An article Tuesday incorrectly reported change in the number of physicians willing to accept Medicare payments as payments in full. The figure declined from 60.8 percent in 1970 to 50.5 percent in 1976, but since then it has increased, to 53 percent in 1982.
Officials of the Health and Human Services Department's Health Care Financing Administration have been trying to figure out how to get more doctors to accept the standard government reimbursement as full payment for treating Medicare patients.
Doctors with Medicare patients can choose, patient by patient, how to get paid. They can "accept assignment"--that is, accept the standard Medicare fee as payment in full--or they can bill the patient, usually for more.
The patient then must pay the doctor directly and seek reimbursement from Medicare and his own health insurance plan, if he has one. The reimbursement is often less than the doctor's bill.
Government health officials say the percentage of doctors willing to accept "assigned" payments has been decreasing steadily. Ten years ago, doctors accepted assignment for 60 percent of all Medicare claims. Today, the figure is 50 percent.
One suggestion for raising that percentage is to force them to choose one payment method for all their Medicare patients. The National Commission on Social Security Reform has recommended that doctors be required to decide each year whether to get in or out of the program.
The HCFA had the Center for Health Economics Research in Boston study the probable outcome of such a requirement. It predicted that the assignment rate would fall another 10 percent, forcing more older patients to pay more.
Which doctors generally accept assignment? Studies show that they are usually general practitioners and family doctors, who generally charge lower fees. They also are likely to be taking care of poor patients who have no prospect of coming up with more cash. Those who most often reject the standard reimbursement are specialists and other doctors who can command higher fees. FIXED PRICE FOR CARE . . . There is competition now in selling health care in most cities. With federal encouragement, scores of medical groups are offering most of the medical and hospital care an individual or family needs for a fixed price per month.

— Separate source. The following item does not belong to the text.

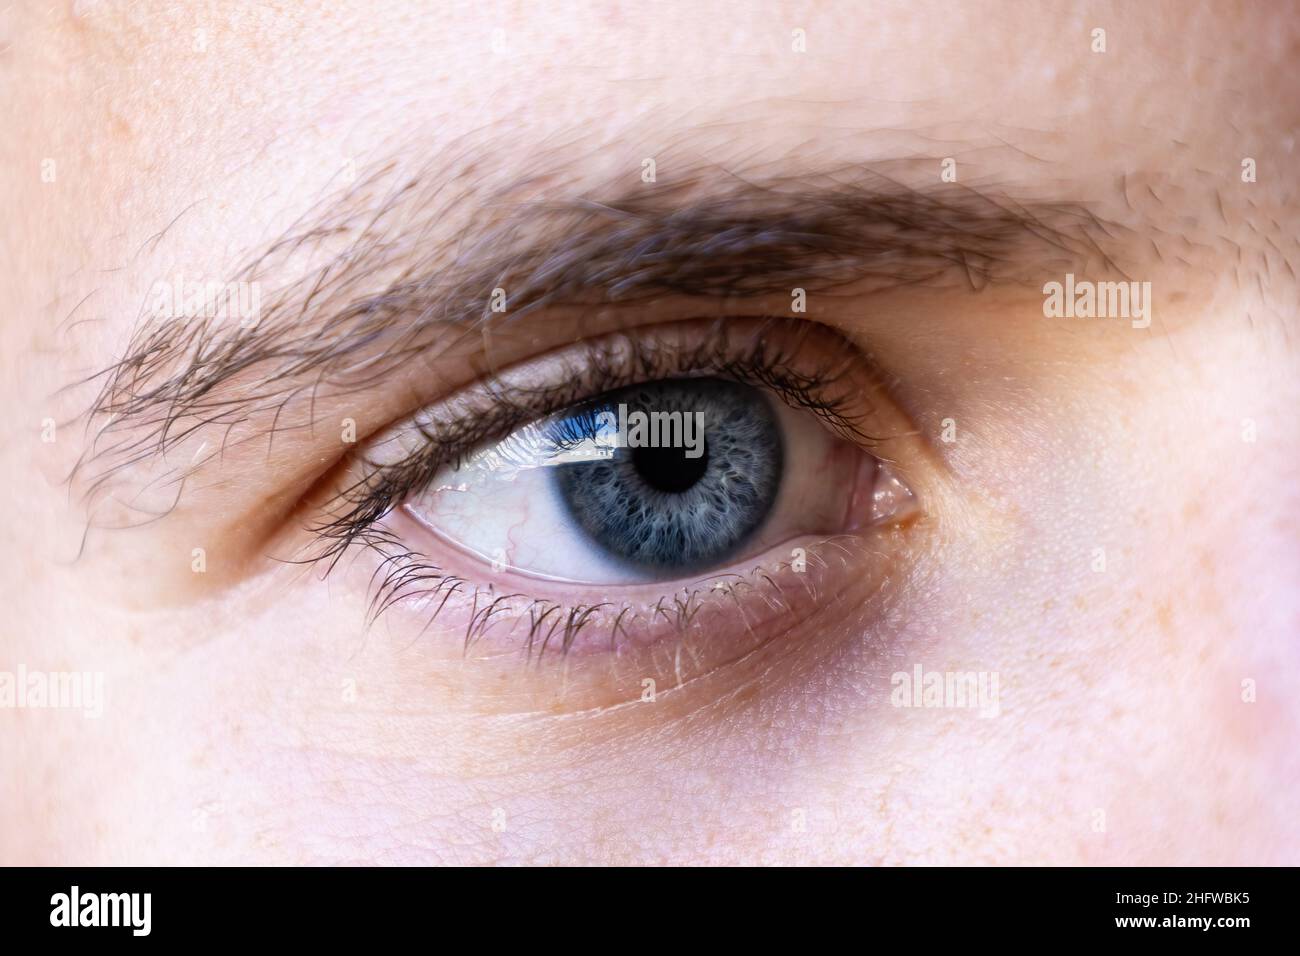 Macro photographie de la pupille d'un œil de jeune homme Banque D'Images

The idea is that these plans will avoid hospitalizing their subscribers unnecessarily, so they can end their year with a profit--and help keep the nation's health-care costs down. And by federal law, large employers must offer their employes a choice of traditional health insurance and membership in a fixed-price plan.

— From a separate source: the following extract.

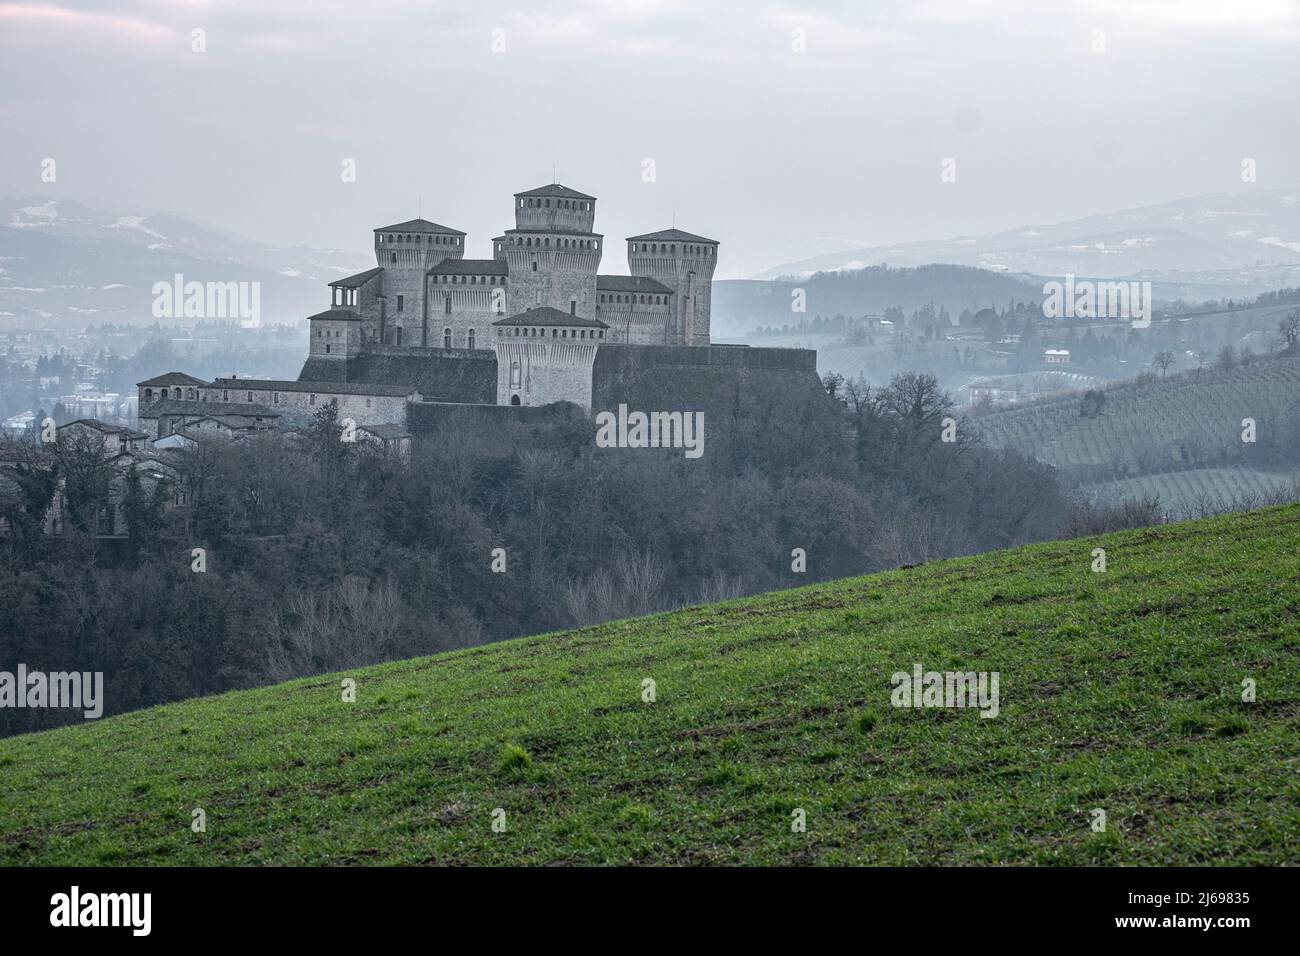 Castello medievale di Torrechiara con torri quadrate su una collina in un giorno di nebbia, Torrechiara, Emilia Romagna, Italia Foto Stock

HHS officials are finding that the jury is still out on whether the new plans will save money in the long run. Arthur D. Little Inc. made a computer analysis for the HCFA of employe benefit plans at the American Can Co., at General Mills in Minneapolis, at a third, unidentified company, in a Teamsters' pension fund in Houston and in the Mendocino County, Calif., school system.
According to Health Policy Week, the study found that the fixed-price plans seemed cost-effective for their subscribers. But the sicker employes have been sticking with or shifting into traditional fee-for-service insurance plans. The outcome might be to make these plans more expensive. ONWARD AND UPWARD . . . Artificial-kidney machines, heart-lung machines, heart pacemakers, radioisotopes--the list of new medical technologies grows ever longer and more expensive. Technology, it is often said, is one of the main forces driving health costs upward and HHS up the wall.
But a recent publication of the American Enterprise Institute for Public Policy Research warns against pinning the responsiblity on technology alone.
It says the increase also reflects the nation's progress in covering the costs of illness with health insurance, including Blue Cross, Blue Shield, private carriers and Medicare and Medicaid.
Medical research and medical insurance are intertwined in a steep upward cost spiral, said Burton Weisbrod, professor of economics at the University of Wisconsin, in "Economics and Medical Research."
The federal government, through HHS, is playing a clear role, he said: financing most of the country's medical research, then having to provide a large share of the payments for the new treatments that research produces.